She didn’t worry about the fact that she wasn’t a runner. She didn’t even let the minus-20 Fahrenheit weather phase her, even though delicate snowflakes melted against her sweaty skin. Instead, Bastidas focused on putting one foot in front of the other. She ran until she conjured the courage to face her history. Then she ran some more.

Running From Her Life

Growing up in the slums of Culiacán, Mexico, Bastidas had never been a runner. Her father died when she was young, leaving her mother to single-handedly raise five children in poverty. Once El Chapo’s drug cartel took over her town, things got worse.

“If you have money, you can buy security,” Bastidas says. “But when you don’t have any, your life becomes a game of Russian Roulette.”

Then, an uncle that Bastidas trusted sexually abused her. With nowhere to go and no one to tell, she felt trapped. At the age of 17, she fled to Mexico City in the hopes of reinventing a new life for herself. For a while, it worked. She took classes to earn an aerobics instruction certification which she viewed as a solution to her financial concerns. But, on the day she received her certificate, she was kidnapped by two gang members. They spent one week raping and torturing Bastidas before inexplicably releasing her. “After that, I became terrified of everything,” Bastidas says. “I just wanted to live and I realized I needed to leave Mexico in order to do that.”

She began modelling, eventually securing a contract in Japan that paid roughly $1000 per month. Her mother was initially concerned about the distance, but reality took hold. Money talks, and the family needed the financial support. For Bastidas, it felt like a dream come true. Until it became her nightmare.

When she arrived in Japan, it became clear that Bastidas had unknowingly been trafficked into an escort ring. She didn’t speak Japanese and the club owners had taken her passport, so she was stuck.

“I had no recourse since I had signed the contracts,” Bastidas now says. “I don’t know if they did this to all the women but I think I was an easy target since they knew what type of background I came from.”

After nine months, she repaid her debt, and relocated to Calgary, Canada, to create a family.

Bastidas and her sons, Karl and Hans.
Running for the Records

Bastidas spent her life running away from people and places. But on that chilly evening in September 2006, she made a decision: she could hide from the pain of her son’s eye condition, or she could face it head on, harnessing personal strength she never knew existed. She started running.

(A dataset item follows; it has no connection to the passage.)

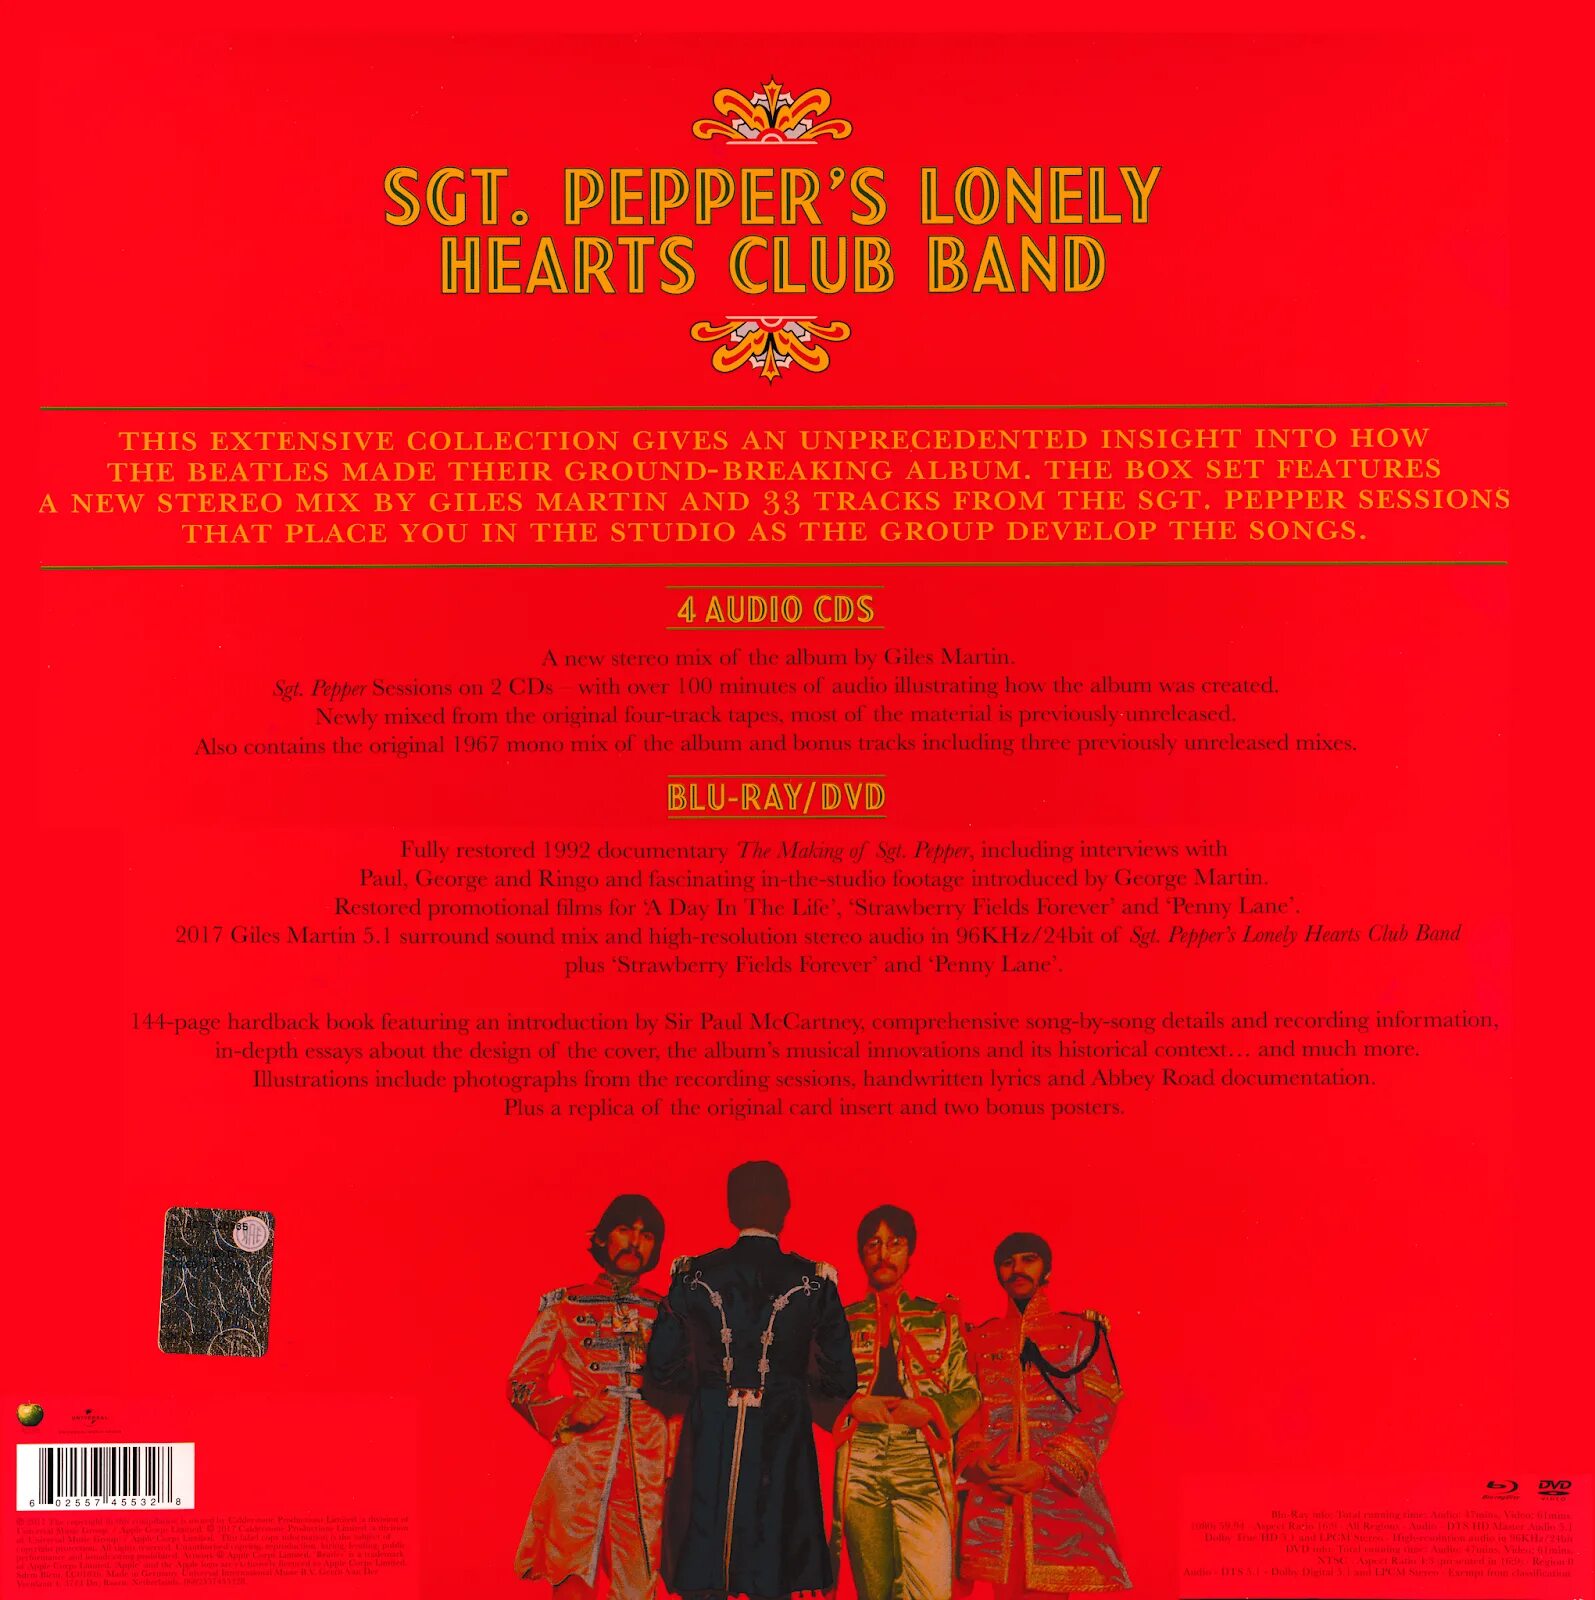 Sgt. Pepper’s Lonely Hearts Club Band the Beatles. Sgt Pepper's Lonely Hearts Club Band. The Beatles Sgt. Pepper's Lonely Hearts Club Band 2017. The Beatles Sgt Pepper оркестр 1967.

Just before her 40th birthday, a close friend encouraged her to run the Calgary Marathon. It was her first-ever race, and Bastidas qualified for Boston. Then, she registered for the grueling 78-mile Canadian Death Race, just three weeks after Calgary. During the run, she fell in a river and got hypothermia, effectively capping her race just shy of 60 miles. But, it didn’t matter: Bastidas was hooked.

“My body hadn’t belonged to me for so long and I finally found something I could control,” she remembers.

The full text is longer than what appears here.